- _Stored data_:
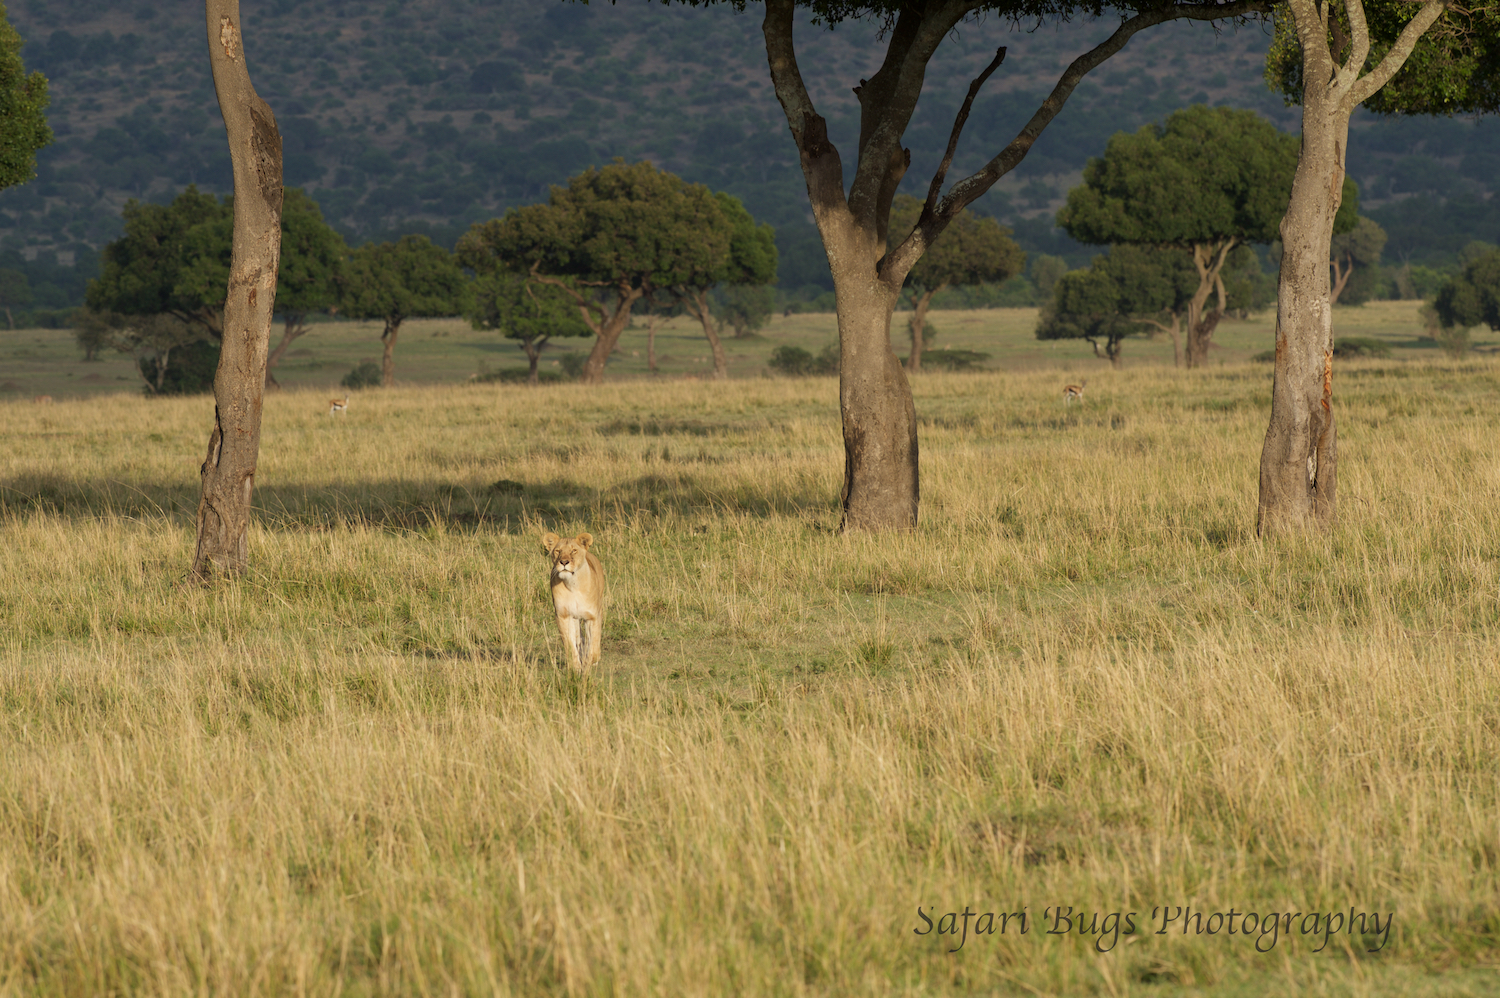 Lioness Safari Bugs (1).jpg
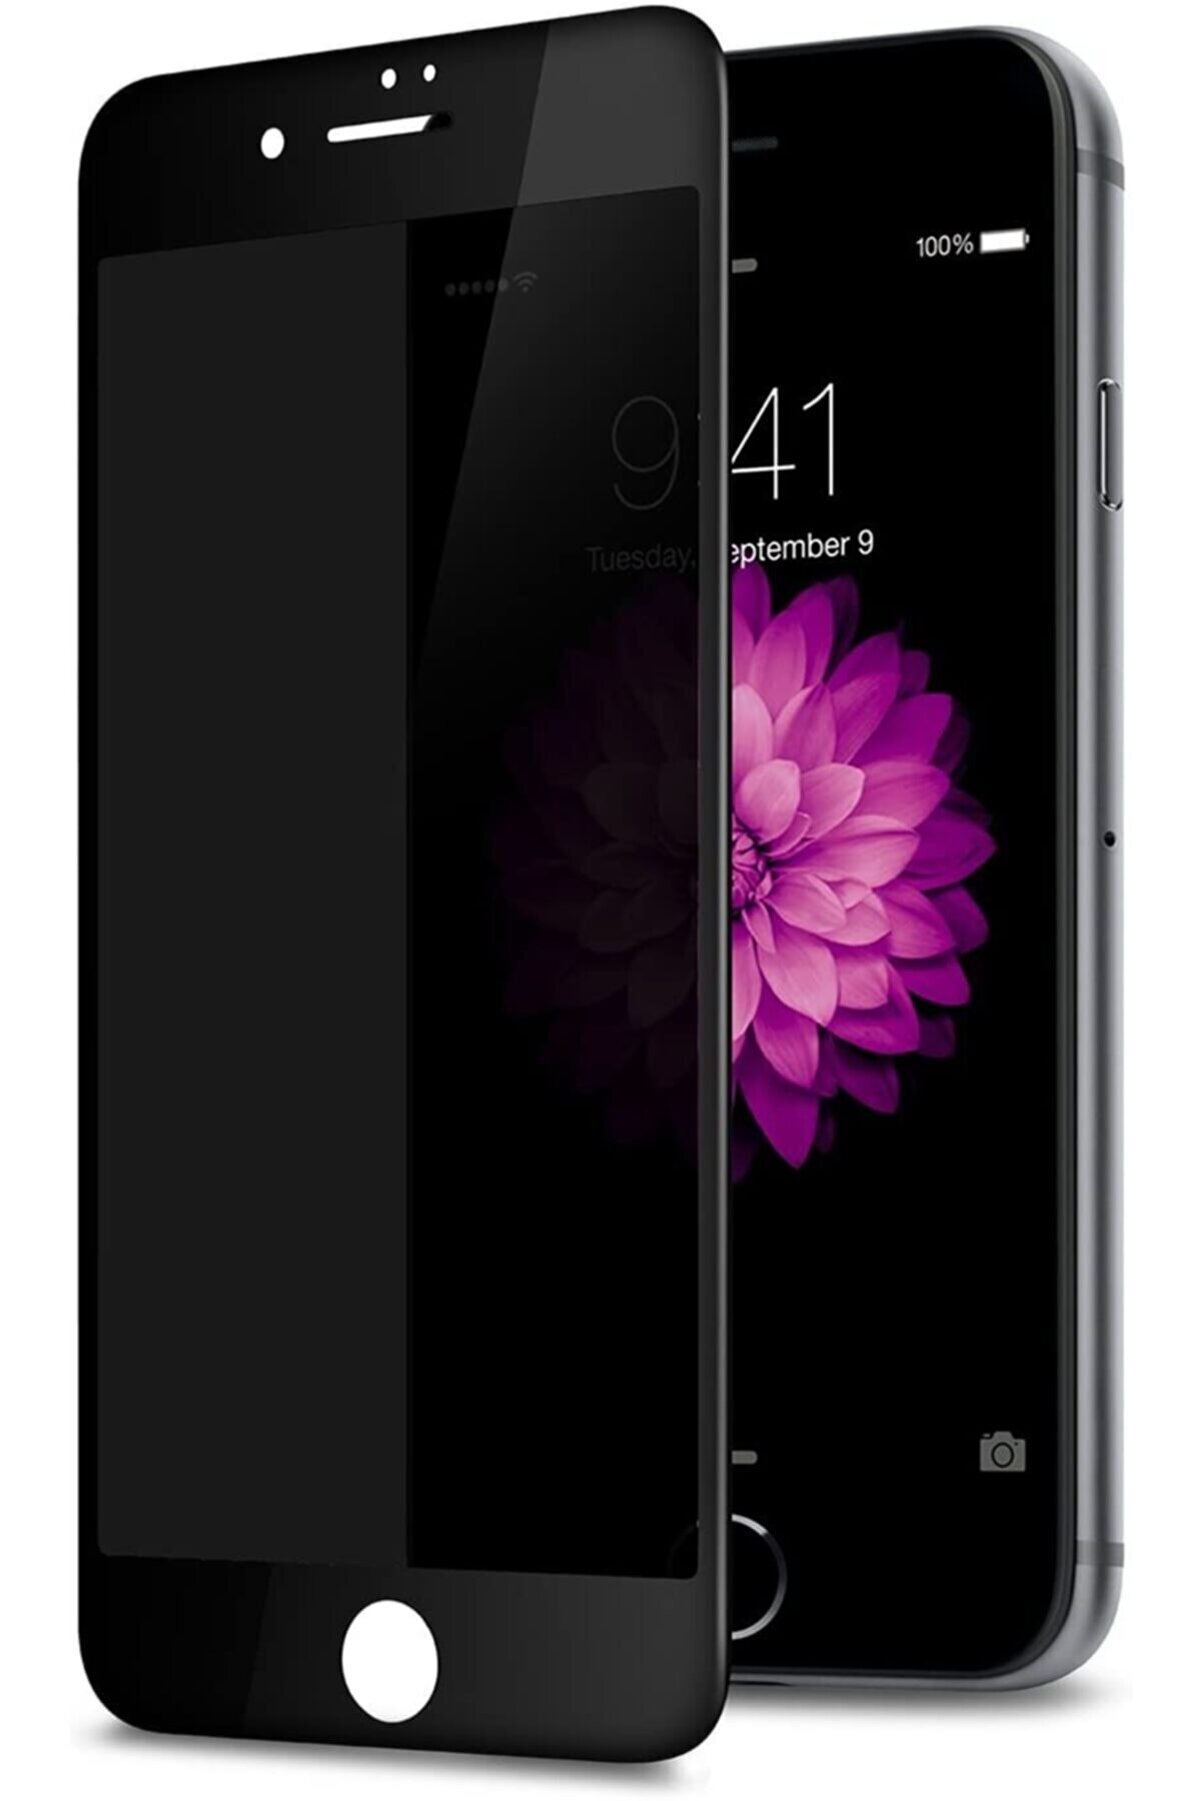 ROBEVE Iphone 7 - Iphone 8 Uyumlu Hayalet Ekran Koruyucu Hayalet Cam Kırılmaz Cam Ekran Koruyucu Siyah
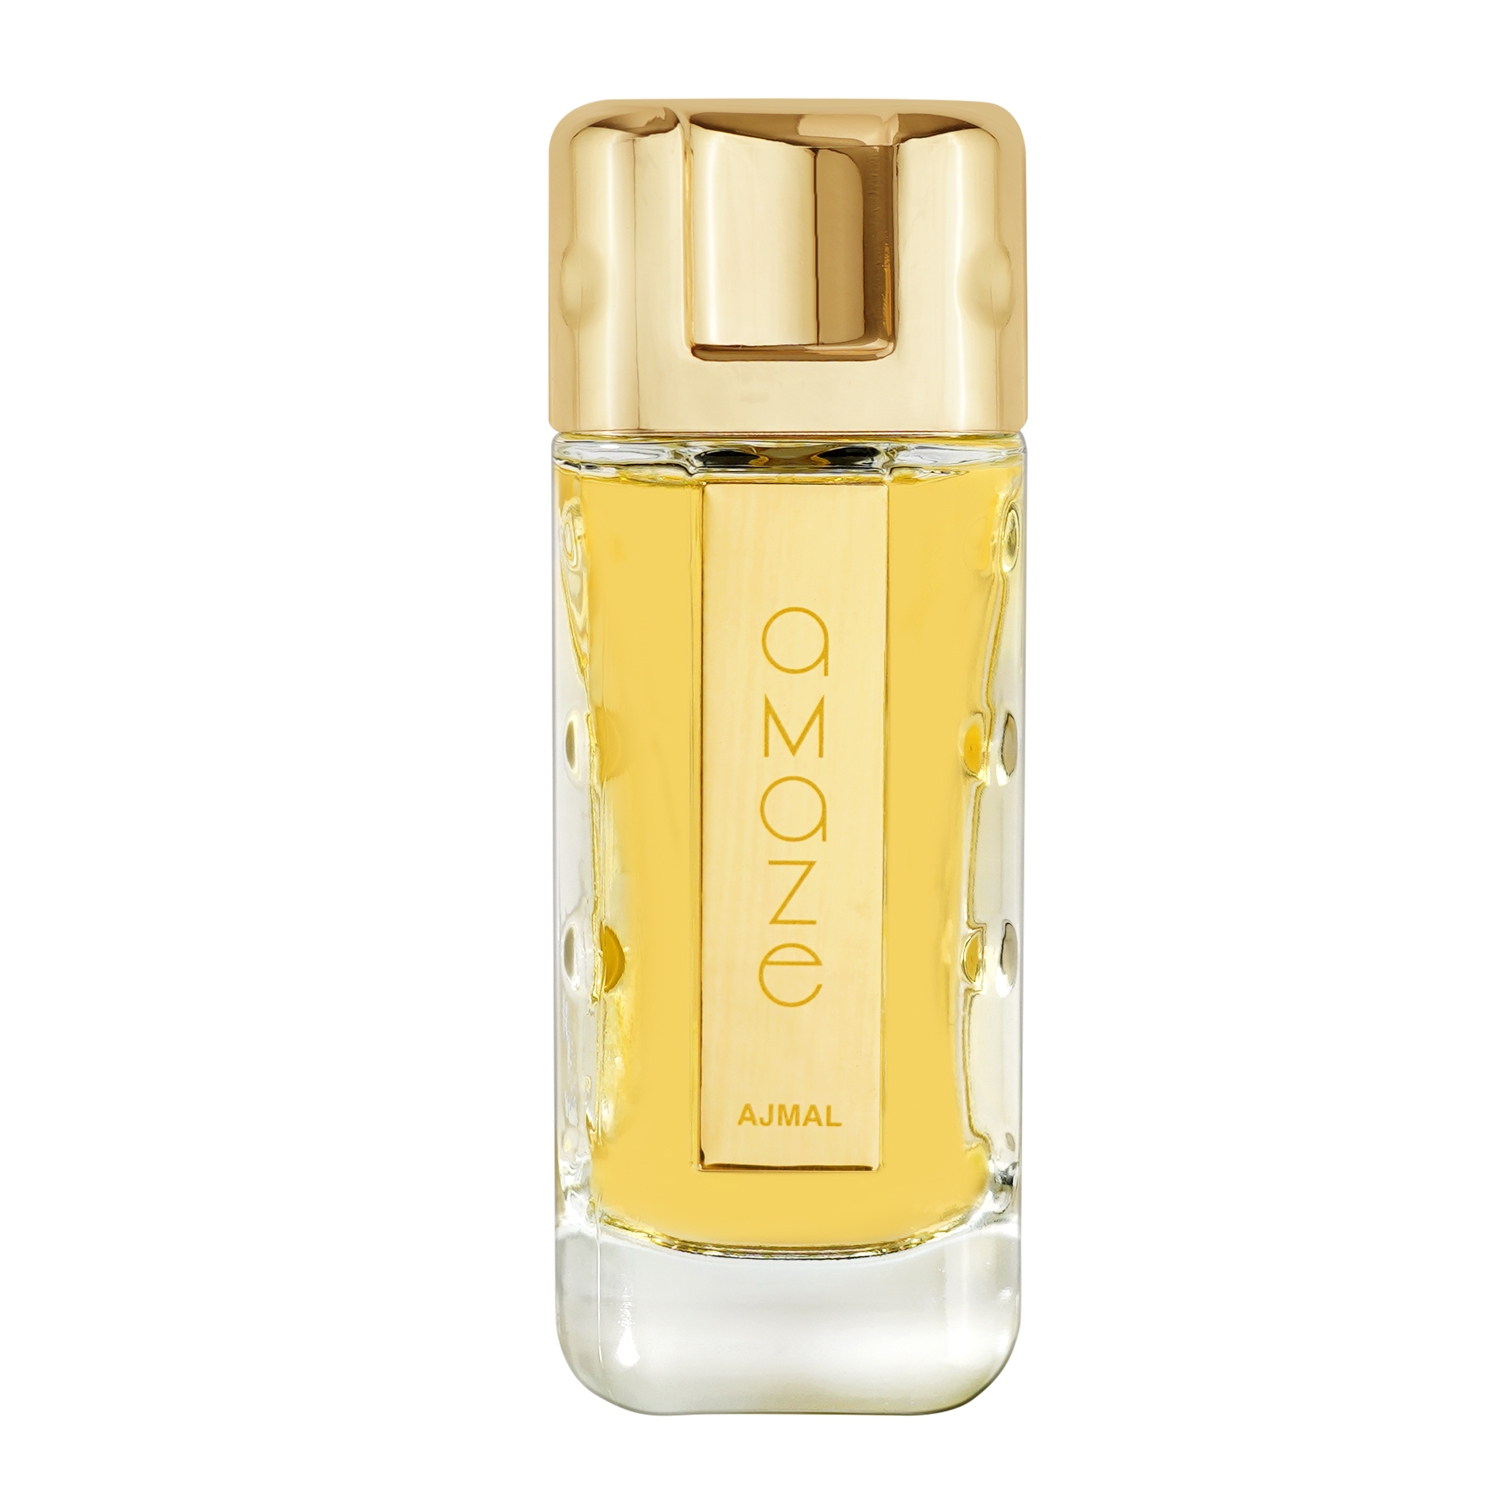 Ajmal | Ajmal Amaze Eau De Parfum Long Lasting Woody Scent Spray 75 ML Gift For Women - Made In Dubai
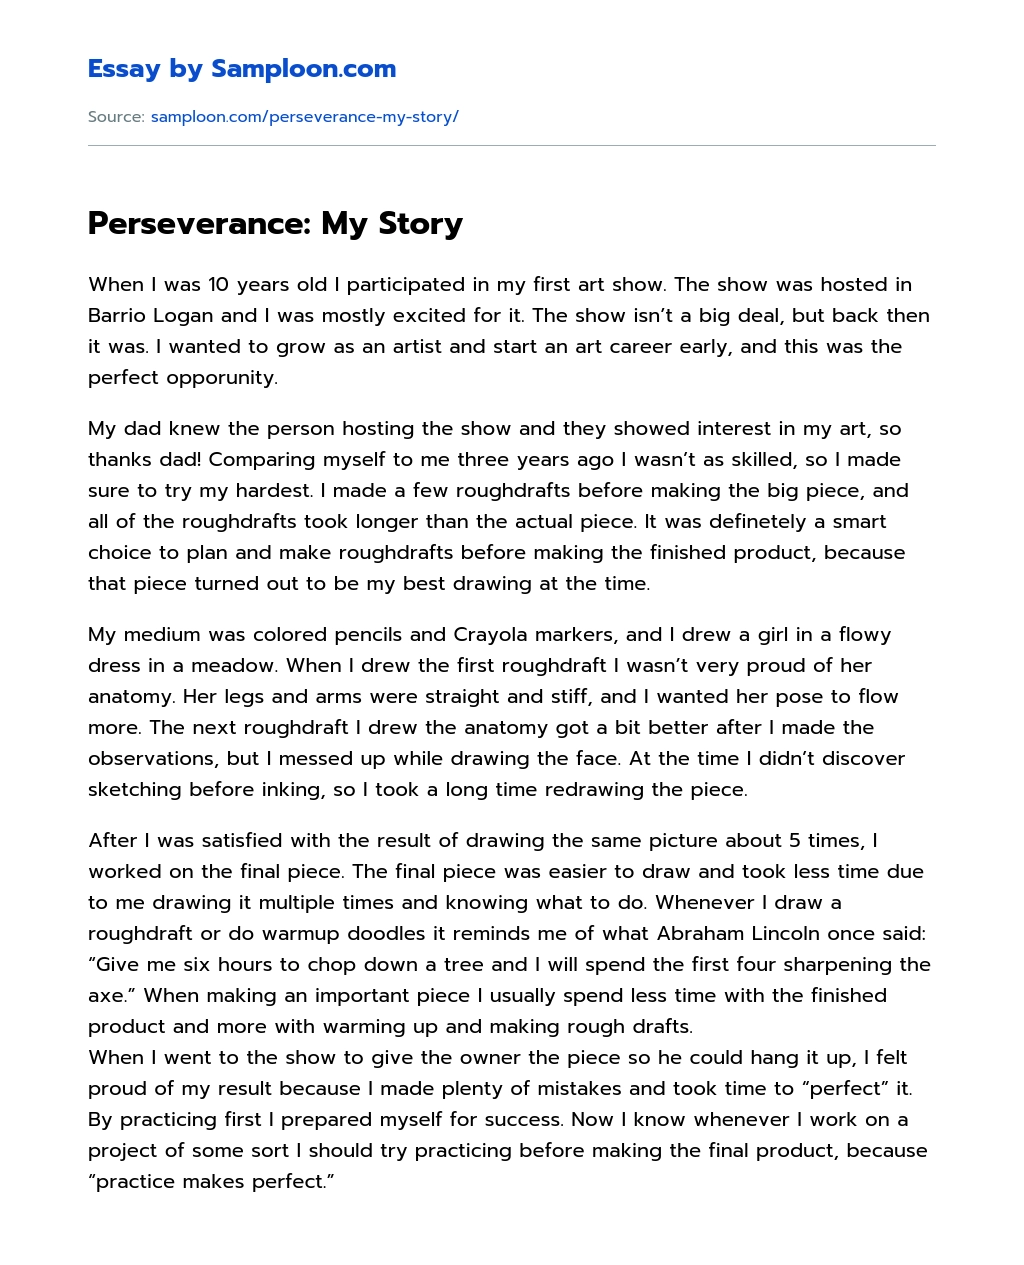 Perseverance: My Story essay

- _Assignment_: Would you set down each line of the data exactly, with no images included?

- _Answer box_:
 Lioness Safari Bugs (1).jpg
 ROBEVE Iphone 7 - Iphone 8 Uyumlu Hayalet Ekran Koruyucu Hayalet Cam Kırılmaz Cam Ekran Koruyucu Siyah
 Ajmal | Ajmal Amaze Eau De Parfum Long Lasting Woody Scent Spray 75 ML Gift For Women - Made In Dubai
 Perseverance: My Story essay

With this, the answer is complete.